DIE MONDSCHEINALLEE – Teil 2
PHILIPP GROSS
Heute Nachmittag war alles perfekt. Wir waren bei Frau Dachmann zum Kaffee eingeladen. Unsere Nachbarn sind alle so liebe Menschen. Und wie herzlich alle miteinander umgehen. Sogar Mindi und ich haben es geschafft. Ich konnte einmal alles vergessen. Manchmal bin ich richtig verzweifelt und denke sogar an suizid. Aber wenn ich dann meine Nachbarn treffe, verwerfe ich die Gedanken. Denn habe ich Hoffnung. Hoffnung, dass wir auch mal so werden wie sie. Glücklich. Seit das Baby da ist, ist Mindi sehr gestresst. Gestresster als andere frische Mütter. Vermute ich.
Es klingelt an der Haustür. Bestimmt die Nachbarin. Anne Miller. Meine Frau hat heute Nachmittag ein Päckchen für sie entgegen genommen, als wir von Kaffee und Kuchen wieder gekommen sind.
„Hallo Anne“, grüße ich sie und reiche ihr schon das Päckchen, welches auf der Treppe neben der Haustür steht.

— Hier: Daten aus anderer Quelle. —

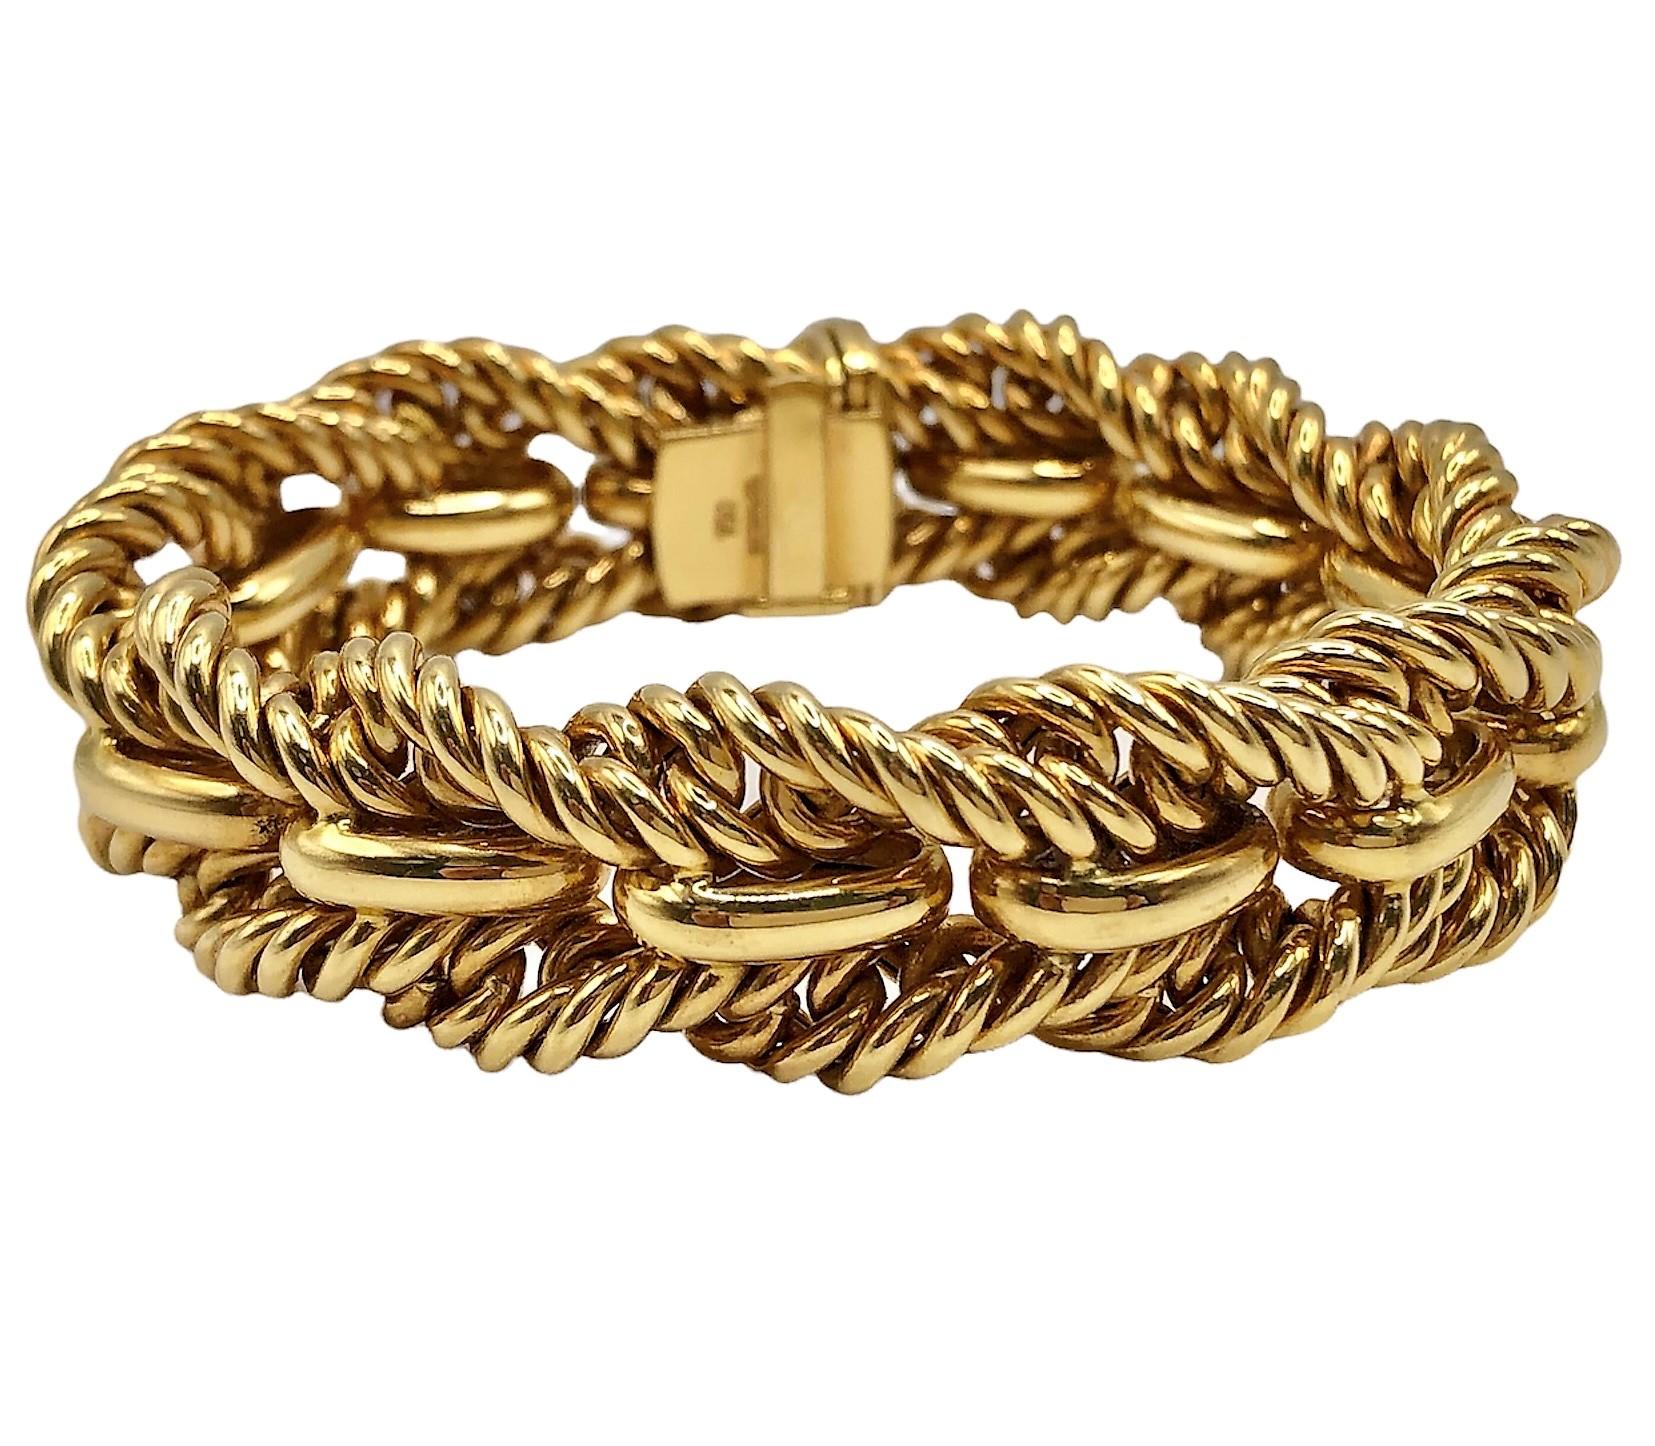 This elegant 18k yellow gold Tiffany & Co. bracelet is designed with two rope edges bracketing a center line of repeating high polish bombe motifs.  Measures 7 3/8 inches in length by 5/8 inches in width. The inline plunger clasp is made more secure

„Hallo, danke schöön!“, bedankt sie sich strahlend. „Genau deswegen bin ich her gekommen. Vielen Dank!“ Sie nimmt das Päckchen entgegen.
„Nicht dafür, sehr gern. Mach’s gut. grüß deine Eltern“
„Mache ich, grüßen Sie ihre Frau“ Sie winkt mir lächelnd und verschwindet nach neben an. Nettes Mädchen. Ich schließe die Tür und gehe wieder hinein.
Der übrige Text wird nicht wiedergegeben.